The atemporalist argument is that God *acting* in time does not entail God *being* in time. This seems to be identical to what you are saying, and if that is true, then why use a term that is not as prevalent in the literature to make the same point? Just wondering.


----------



## panta dokimazete

BrianLanier said:


> Well if you ground ethics in God's nature, then neither would be appropriate. Then you could ask, is God supra-his-nature?



"Moral" and "ethical" are words developed to define human characteristics - it is anthropomorphic to use them to describe God. *Supra-* takes the conversation/debate to the next level.



> BTW, who uses 'supra-temporal' to discribe the relationship that God has to time? I don't remember seeing it in the discussions I've read (though I could have easily forgot or just haven't read enough!).
> 
> The atemporalist argument is that God *acting* in time does not entail God *being* in time. This seems to be identical to what you are saying, and if that is true, then why use a term that is not as prevalent in the literature to make the same point?
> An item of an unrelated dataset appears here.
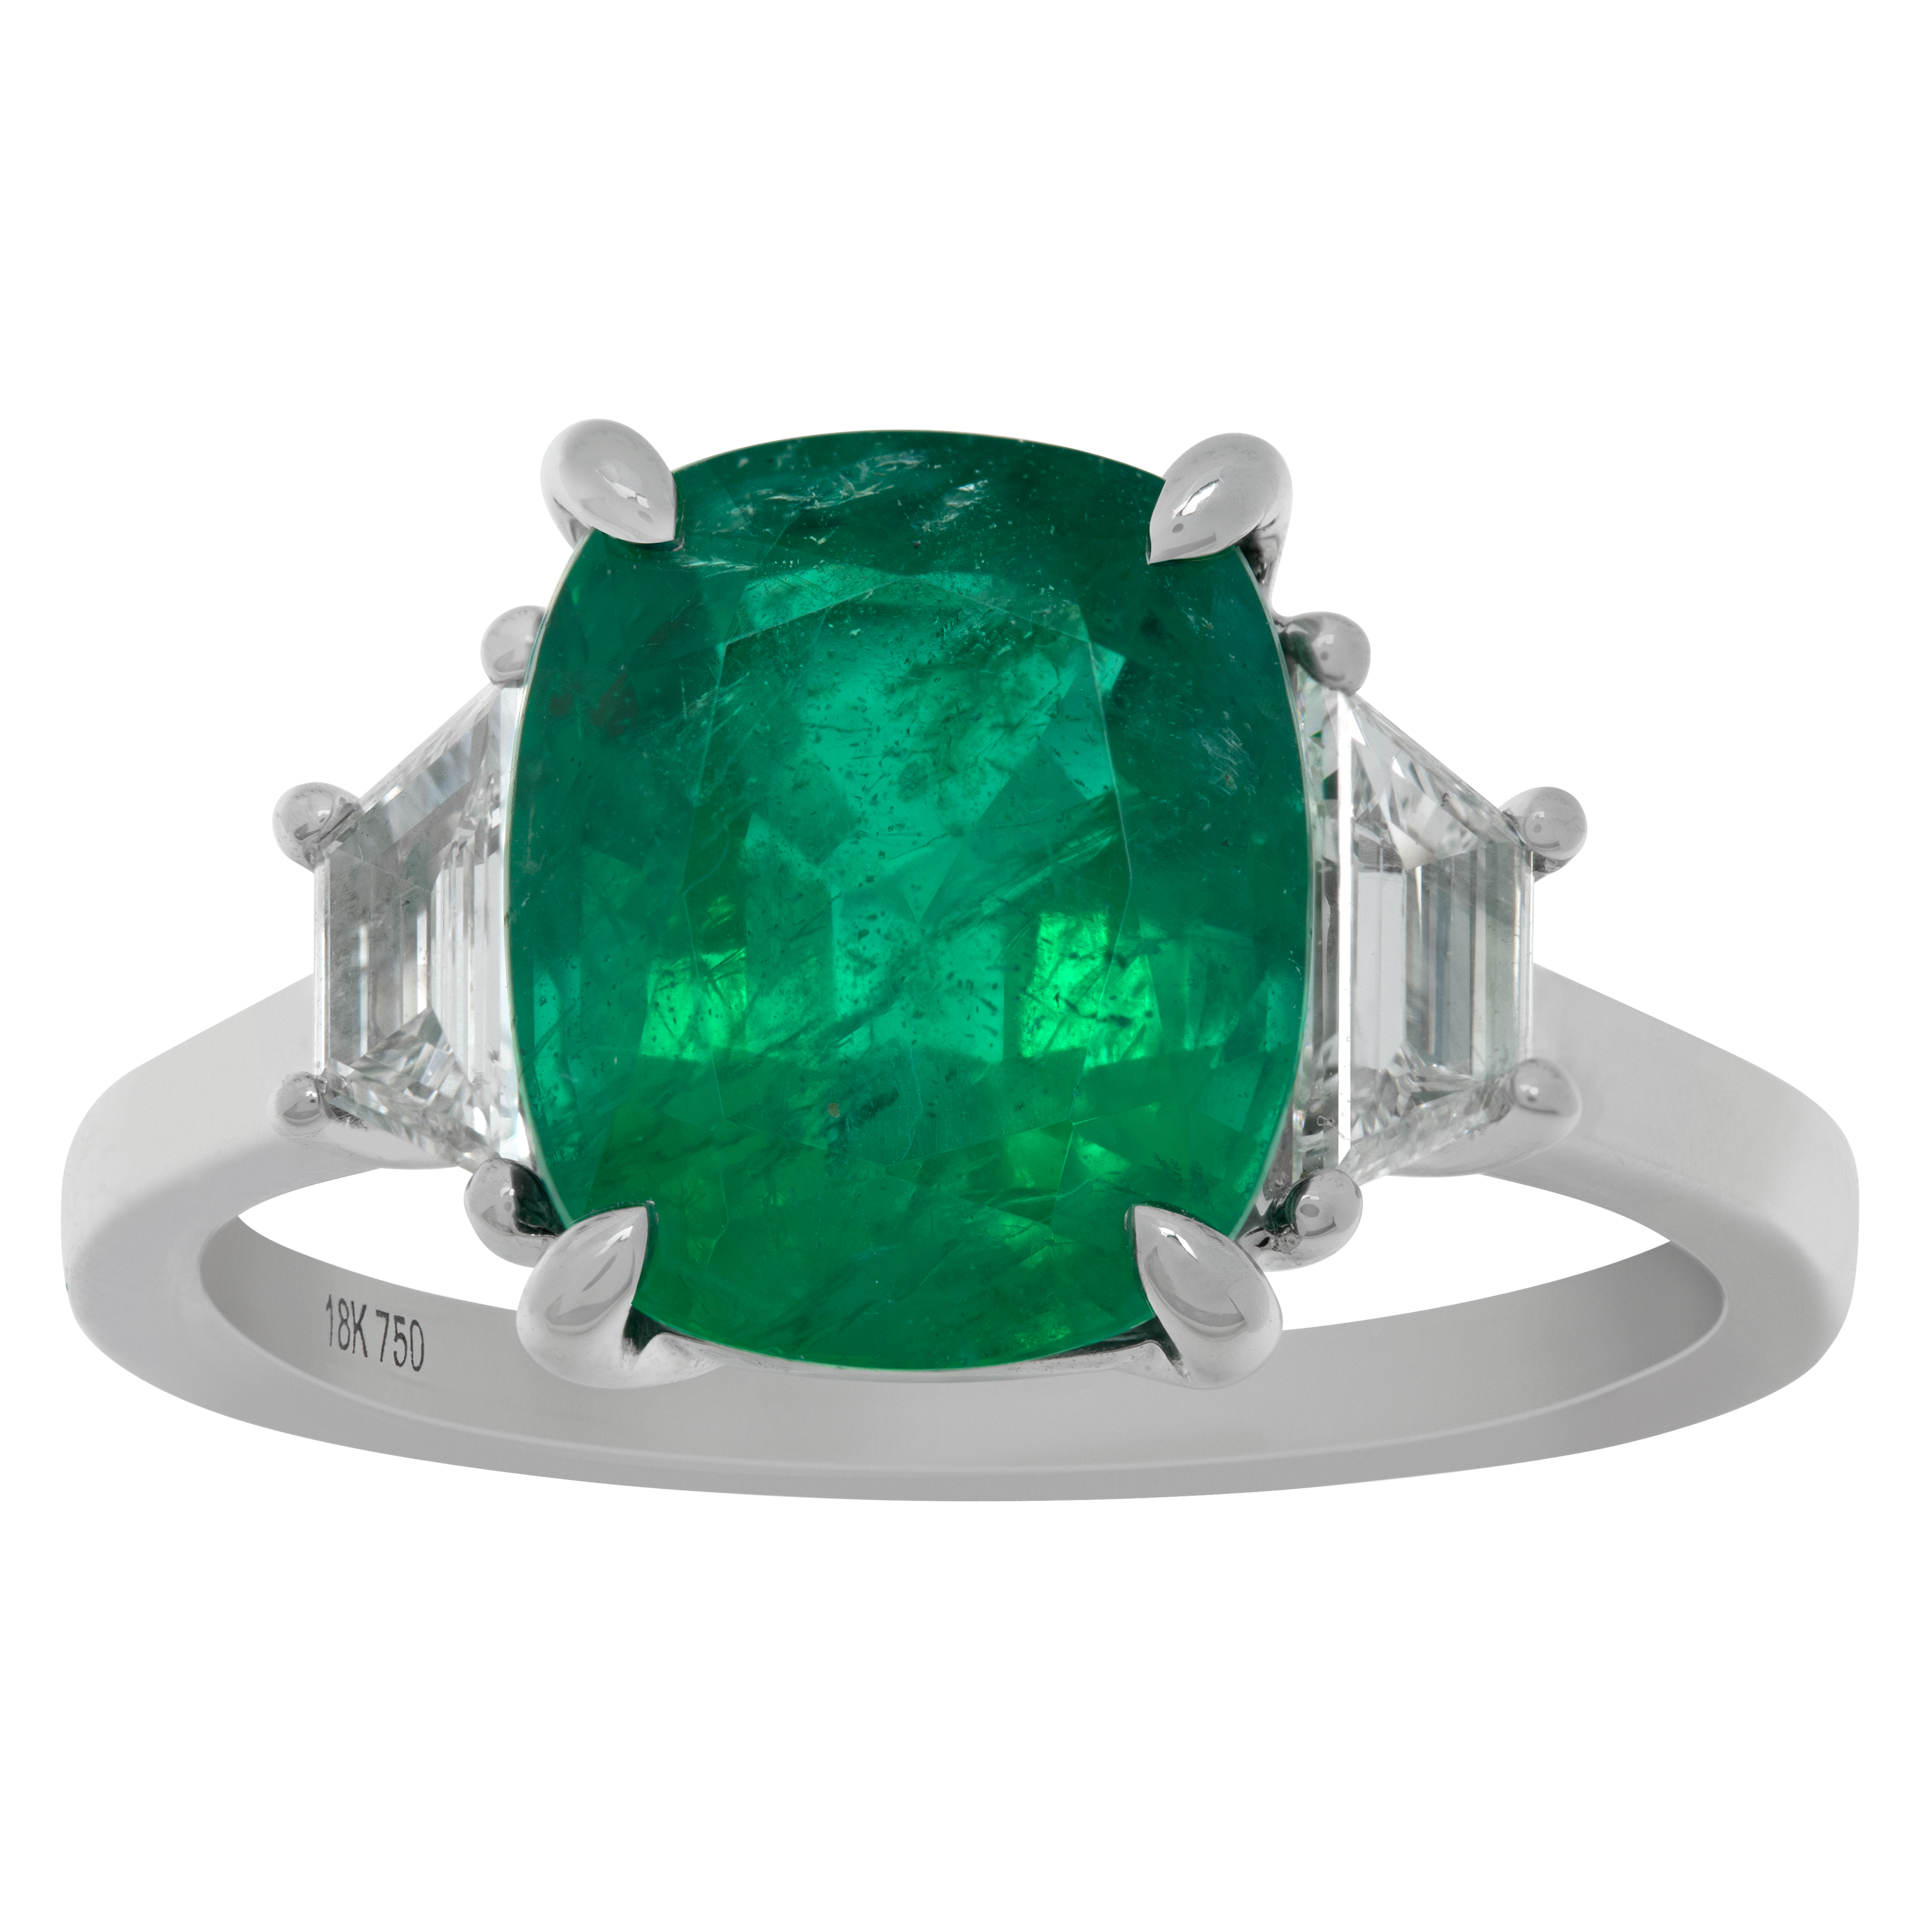 GIA certified 4.11 carat natural beryl cushion cut emerald ring image 1

Just wondering.



Mostly to move the conversation from an elemental characteristic discussion to a sovereignty discussion.


----------



## BrianLanier

jdlongmire said:


> BrianLanier said:
> 
> 
> 
> Well if you ground ethics in God's nature, then neither would be appropriate. Then you could ask, is God supra-his-nature?
> 
> 
> 
> 
> "Moral" and "ethical" are words developed to define human characteristics - it is anthropomorphic to use them to describe God. *Supra-* takes the conversation/debate to the next level.
> 
> 
> 
> 
> BTW, who uses 'supra-temporal' to discribe the relationship that God has to time? I don't remember seeing it in the discussions I've read (though I could have easily forgot or just haven't read enough!).
> 
> The atemporalist argument is that God *acting* in time does not entail God *being* in time. This seems to be identical to what you are saying, and if that is true, then why use a term that is not as prevalent in the literature to make the same point? Just wondering.
> 
> Click to expand...
> 
> 
> Mostly to move the conversation from an elemental characteristic discussion to a sovereignty discussion.
Click to expand...


Is 'good' a moral term? Is God good by nature? If so, then God is moral *by nature*. I know that there are arguments that claim that God is not 'good' in the 'moral' sense and so we can't predicate moral terms to God, I am just not sure I buy it.
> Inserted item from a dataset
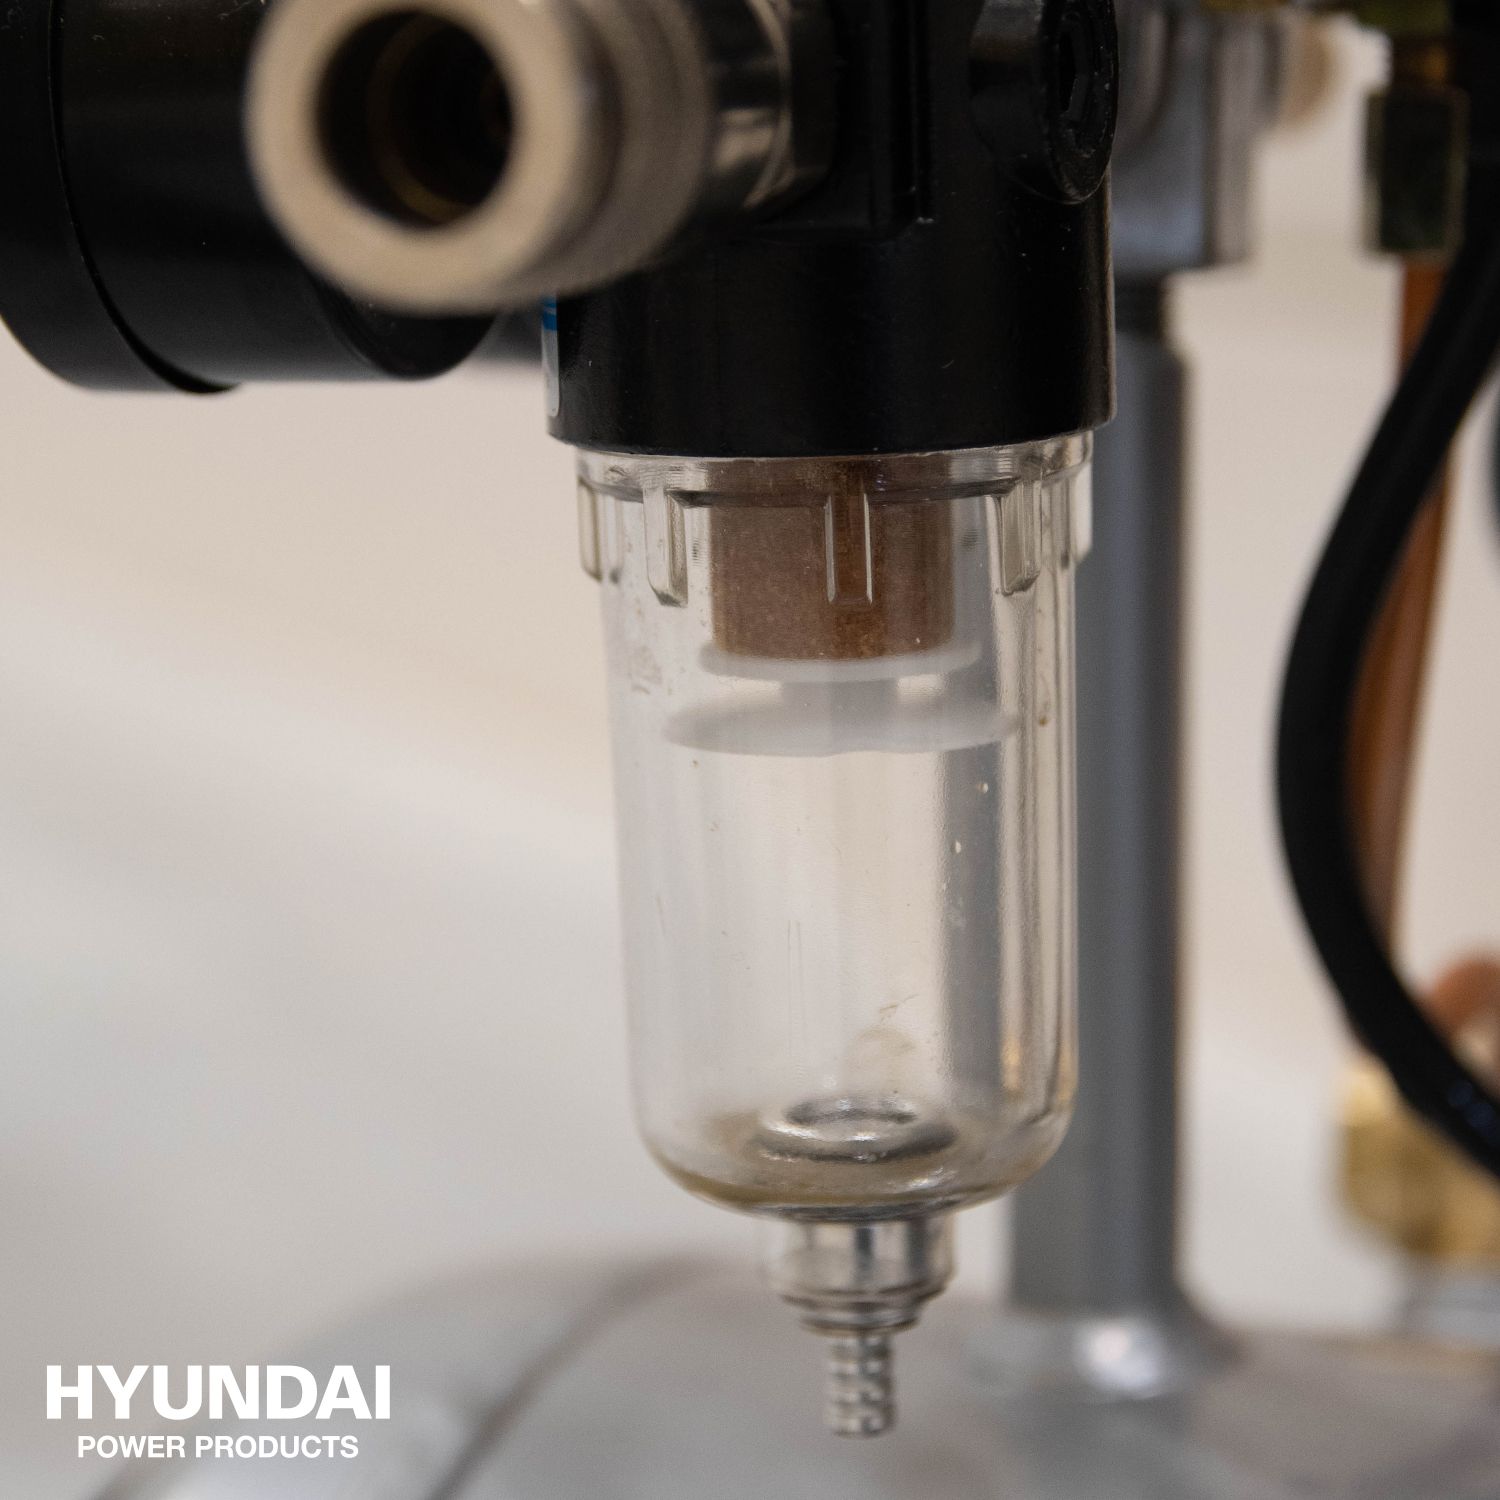 Hyundai stille compressor 30 L 8 bar

I still see no point to using the term 'supra'-temporal to denote a concept that is identical with the already accepted term 'atemporal'. It can create unnecessary confusion and therefore should not be preferred. in my opinion. However, I do like the fact that you are trying to direct conversations toward discussing our Lord's sovereignty!!


----------



## Anton Bruckner

Spear Dane said:


> I was reading a medieval history and came across St. Peter Damian, who wrote _On Divine Omnipotence_. Essentially he argued that God was so sovereign he could go back in time. Has anyone else explored this type of statement?


But time is what was. It no longer exists. How can God go to something that doesn't exist? He would have to re-ordain it, and then it would become the present. The whole thing is illogical. Burn that book.


----------



## RamistThomist

I am surprised no one raised Possible World Semantics. That could solve one area of it.


----------



## Anton Bruckner

Spear Dane said:


> I am surprised no one raised Possible World Semantics. That could solve one area of it.
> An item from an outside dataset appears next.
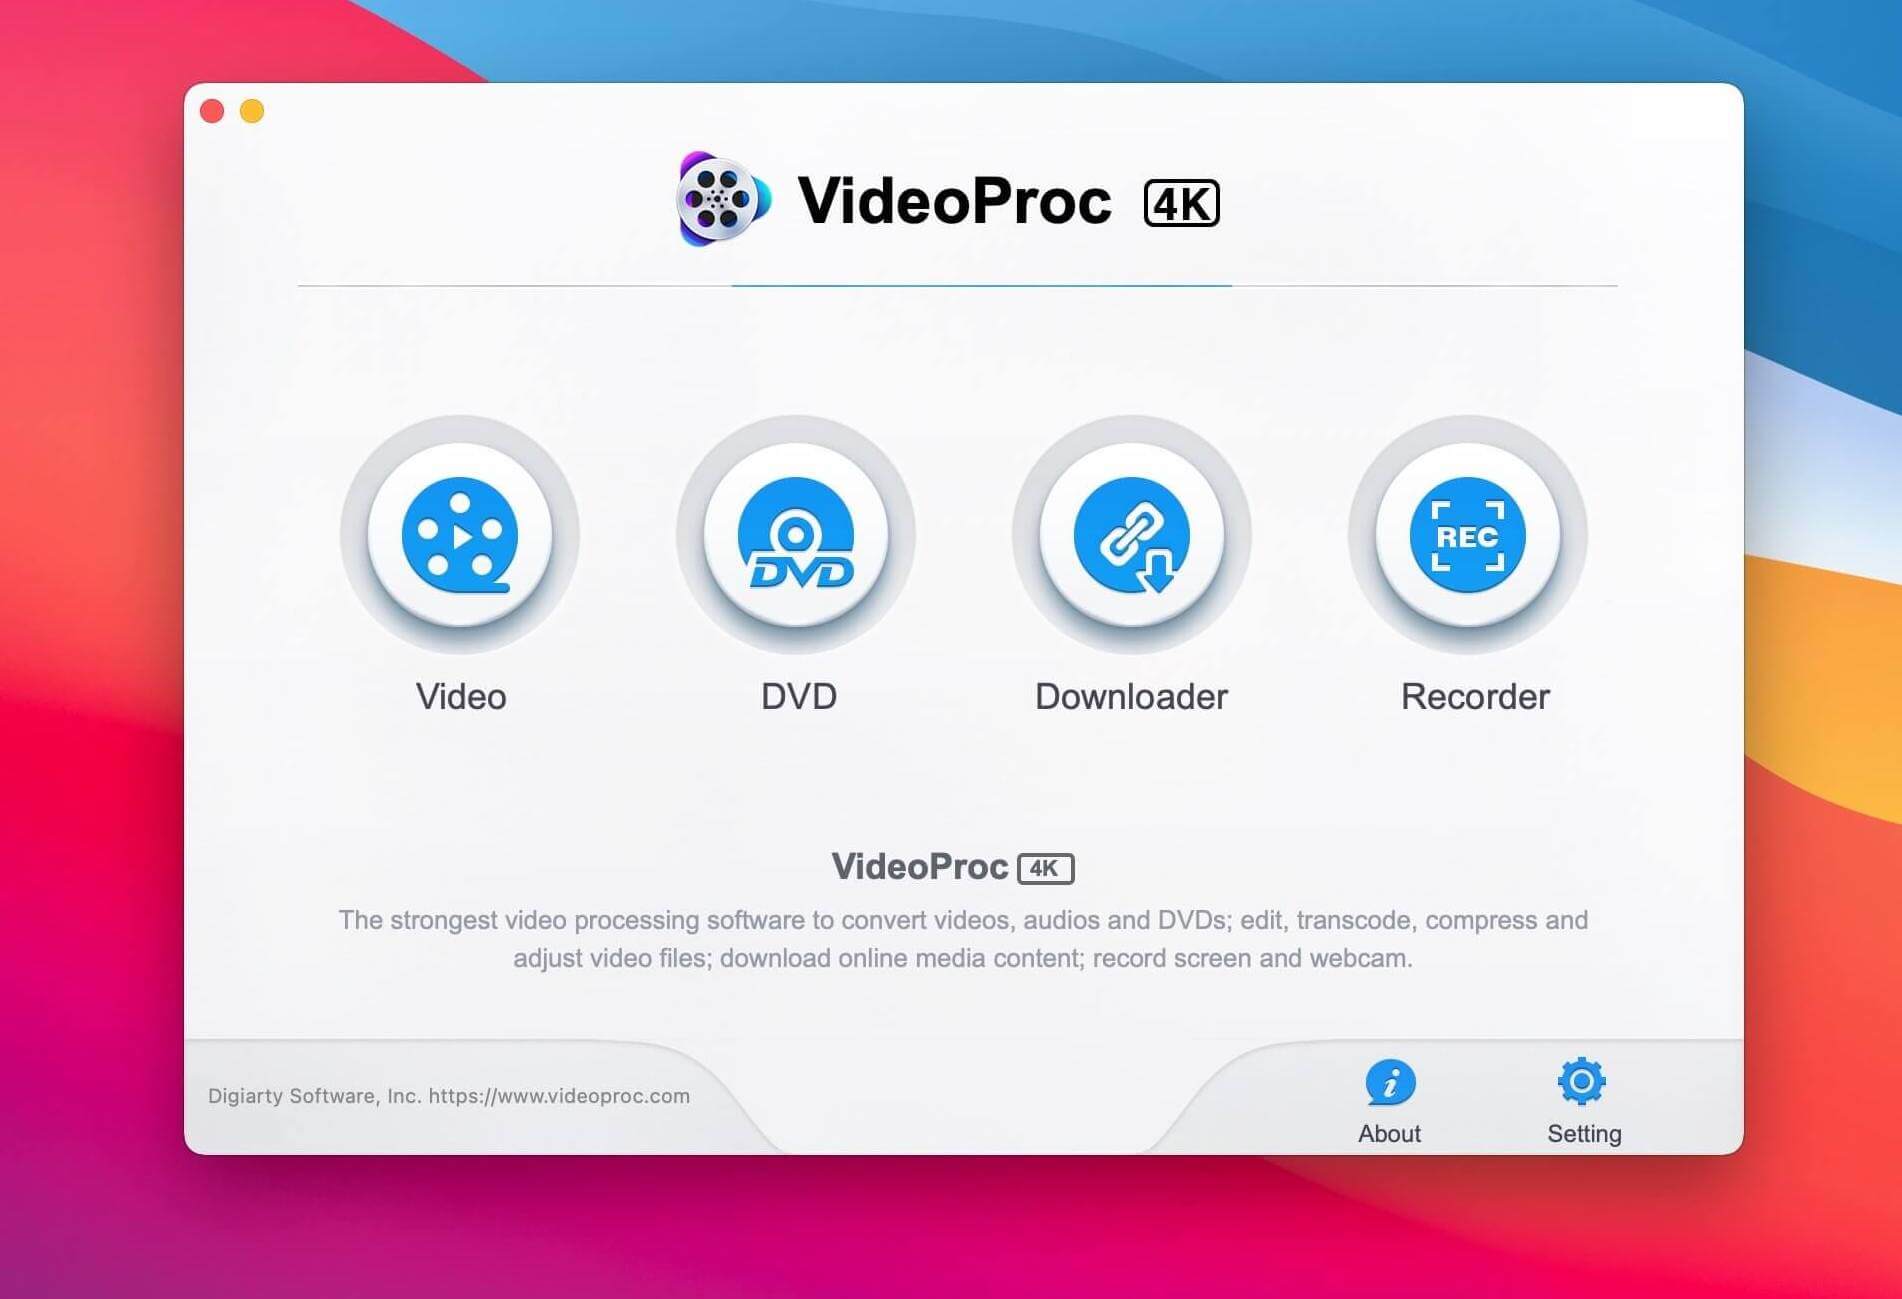 VideoProc Converter 5.6 downloading

then it wouldn't be the past.

But I do fantasize of going back in time and not committing certain sins.


----------



## BrianLanier

Spear Dane said:


> I am surprised no one raised Possible World Semantics. That could solve one area of it.



Jacob, can you elaborate a little about what you had in mind with modal logic?


----------



## RamistThomist

BrianLanier said:


> Spear Dane said:
> 
> 
> 
> I am surprised no one raised Possible World Semantics. That could solve one area of it.
> 
> 
> 
> 
> Jacob, can you elaborate a little about what you had in mind with modal logic?
Click to expand...


Not too much, because I am weak in modal logic. But I remember reading something from Kelly James Clark's _Return to Reason_, a few essays by Bill Craig, and a chapter in William Rowe's _Philosophy of Religion_. I will see if I can find them later.

However, here is what I was thinking: If I can exist on certain worlds, and these worlds do exist (don't ask how), then I would ask "Do they exist simultaneously?" If so, then my question is moot. If not, then the question of God and time might be related.


----------



## panta dokimazete

Possible Worlds? Sounds like this.


----------



## SolaScriptura

I don't know if God can go back in time... but I sure wish I could!


----------



## Mushroom

Space and time are equivalencies. Do you believe that God is limited in any way by space? If not, why would you believe that He is limited by time? If so, where could you go in the universe that He would not be? I believe His omnipresence indicates His *omnitemporence* (new word).


----------



## panta dokimazete

Not trying to stifle the discussion, but much of this rationale seems like it could easily lead to Open Theism.


----------



## BrianLanier

Spear Dane said:


> BrianLanier said:
> 
> 
> 
> 
> 
> Spear Dane said:
> 
> 
> 
> I am surprised no one raised Possible World Semantics. That could solve one area of it.
> 
> 
> 
> 
> Jacob, can you elaborate a little about what you had in mind with modal logic?
> 
> Click to expand...
> 
> 
> Not too much, because I am weak in modal logic. But I remember reading something from Kelly James Clark's _Return to Reason_, a few essays by Bill Craig, and a chapter in William Rowe's _Philosophy of Religion_. I will see if I can find them later.
> 
> However, here is what I was thinking: If I can exist on certain worlds, and these worlds do exist (don't ask how), then I would ask "Do they exist simultaneously?" If so, then my question is moot. If not, then the question of God and time might be related.
Click to expand...


I don't remember a discussion on modal logic and God's (a)temporaliy in Clark's book, but it's been a while since I've read it. Let me know what you find, I have Rowe's and a number of Craig's materials.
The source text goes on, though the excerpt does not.